Question

Through the vertex O of the parabola ${{y}^{2}}=4ax$ two chords OP & OQ are drawn and the circles on OP & OP as diameters intersect in R. If ${{\theta }_{1}},{{\theta }_{2}}\And \phi $ are the angles made with the axis by the tangents at P & Q on the parabola & by OR then the value of, $\cot {{\theta }_{1}}+\cot {{\theta }_{2}}=$
A. $-2\tan \phi $
B. $-2\tan \left( \pi -\phi \right)$
C. 0
D. $2\cot \phi $

Answer 1

Hint: Use application of derivative to find slope of tangents through P and Q. Equation of common chord of two circles ${{S}_{1}}$ and ${{S}_{2}}$ can be given by relation ${{S}_{1}}-{{S}_{2}}=0$. Eliminate extra variables to get a solution.

Complete step-by-step answer:

Here, we have an equation of the parabola with vertex at 0.

Now, we have two chords OP and OQ in figure 1 and drawn two circles on OP and OQ as diameters such that circles intersect at R. Hence diagram can be drawn as:-

Now, let us assume two parametric coordinates at given parabola ${{y}^{2}}=4ax$.

As we know parametric coordinates for ${{y}^{2}}=4ax$ is given as $\left( a{{t}^{2}},2at \right)$.

Hence, suppose point P and Q have parametric coordinates at $\left( a{{t}_{1}}^{2},2a{{t}_{1}} \right)$ and $\left( a{{t}_{2}}^{2},2a{{t}_{2}} \right)$ respectively.

So, we have coordinates of diameters of both circles as shown in figure 1.

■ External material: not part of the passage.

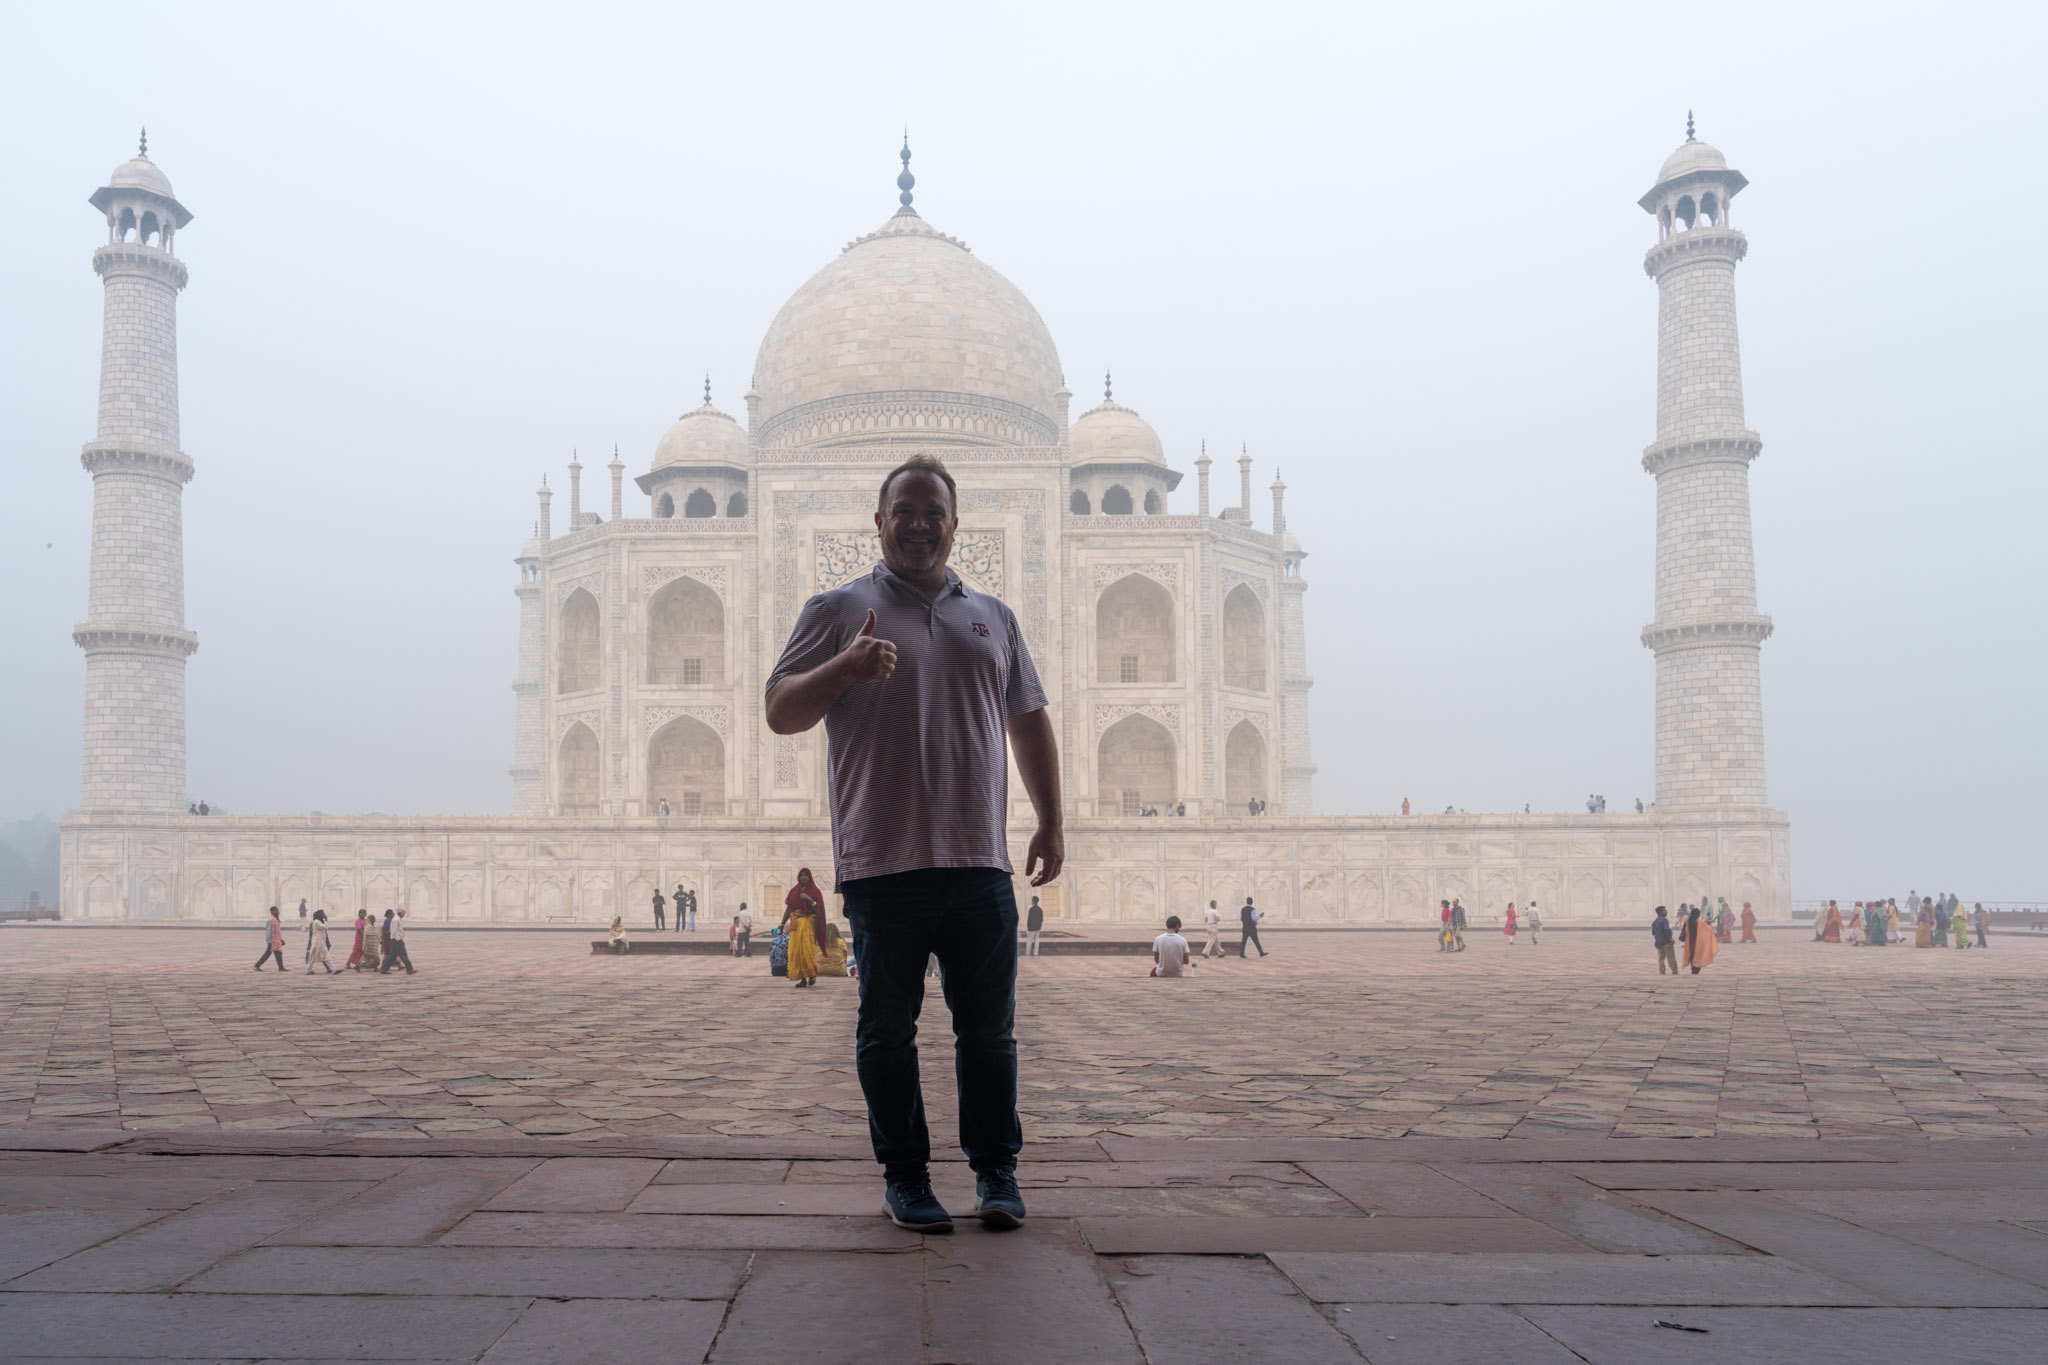 a man standing in front of a large building with Taj Mahal in the background

We know that equation of circle can be given as

$\left( x-{{x}_{1}} \right)\left( x-{{x}_{2}} \right)+\left( y-{{y}_{1}} \right)\left( y-{{y}_{2}} \right)=0$ If $\left( {{x}_{1}},{{y}_{1}} \right)$ and $\left( {{x}_{2}},{{y}_{2}} \right)$ are the endpoints and diameter of the circle.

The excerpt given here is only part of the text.